Article ID | Journal | Published Year | Pages | File Type |
---|---|---|---|---|
3890040 | Kidney International | 2006 | 8 Pages |
Practice guidelines recommend performing angiography in arteriovenous fistulae (AVF) when access blood flow (Qa) is <500 ml/min, but a Qa threshold of <750 ml/min is more sensitive for stenosis. No economic evaluation has evaluated the optimal Qa threshold for angiography in AVF, or determined whether screening AVF is more economically efficient than intervening only when AVF is thrombosed. We compared two screening strategies using Qa thresholds of <750 and <500 ml/min, respectively, with no access screening.

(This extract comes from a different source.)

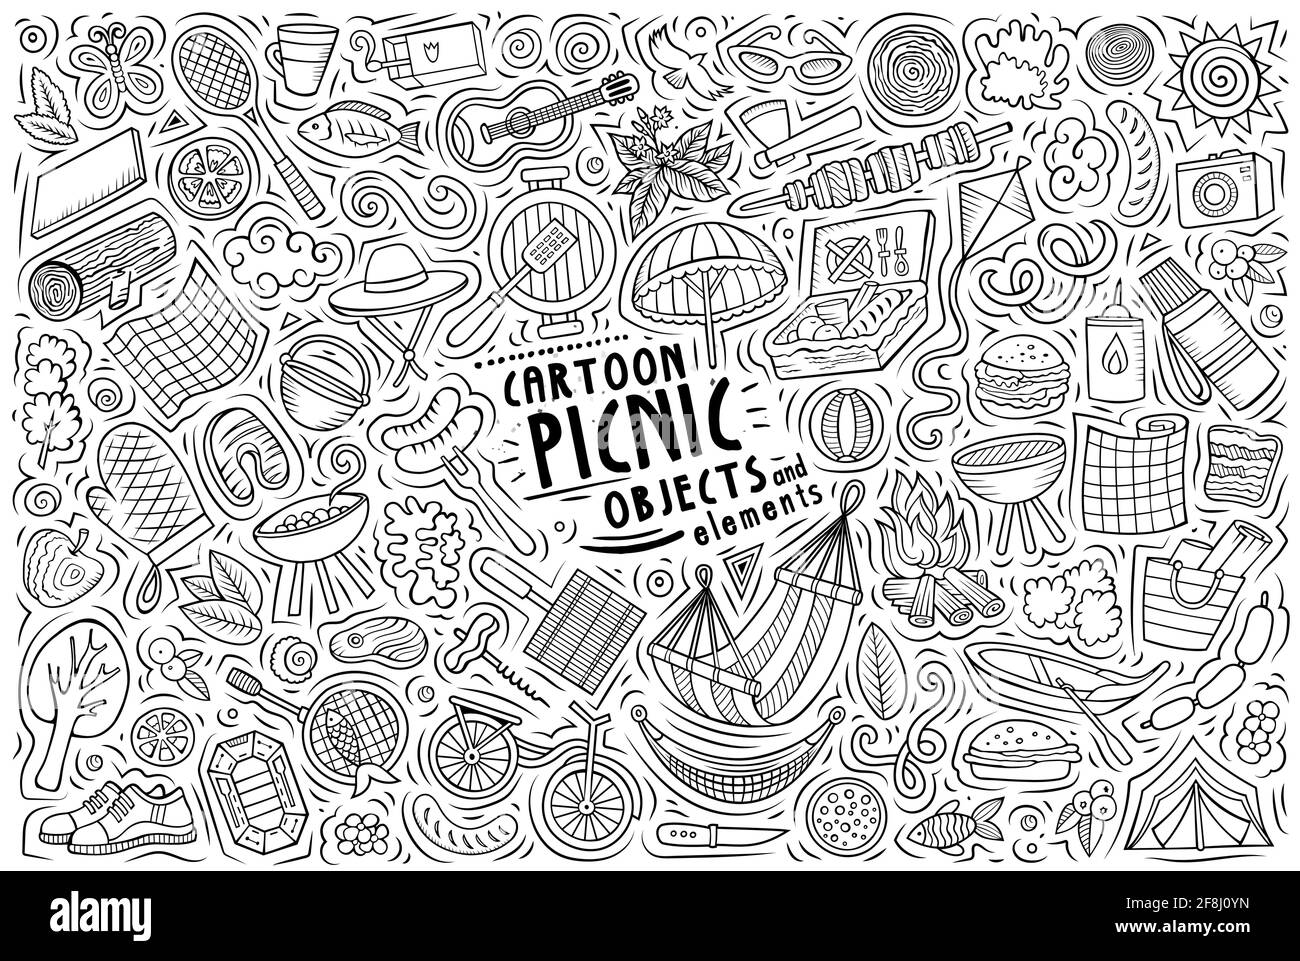 Line art vettoriale doodle disegnata a mano cartoon set di oggetti, oggetti e simboli a tema picnic Illustrazione Vettoriale

Expected per-patient access-related costs (in 2002 Canadian dollars) were $3910, $5130, and $5250 in the no screening, QA500, and QA750 arms, respectively over 5 years. Notably, screening strategies did not reduce expected access-related costs under any clinically plausible scenario. The cost to prevent one episode of AVF failure appeared to be approximately $8000–$10 000 over 5 years for both screening strategies, compared with no screening. Although the incremental cost effectiveness of screening (compared to no screening) was similar in the base case for the QA500 and QA750 strategies, the relative economic attractiveness of the QA750 strategy was adversely affected under several plausible scenarios. Also, the QA750 strategy would require many additional angiograms to prevent an additional episode of AVF failure, compared with the QA500 strategy. Screening of AVF resulted in a modest increase in net costs, and seems to require a net expenditure of ∼$9000 to prevent one episode of AVF failure. If screening is adopted, our findings suggest that angiography should be performed when Qa is <500 rather than <750 ml/min, especially when access to angiography is limited.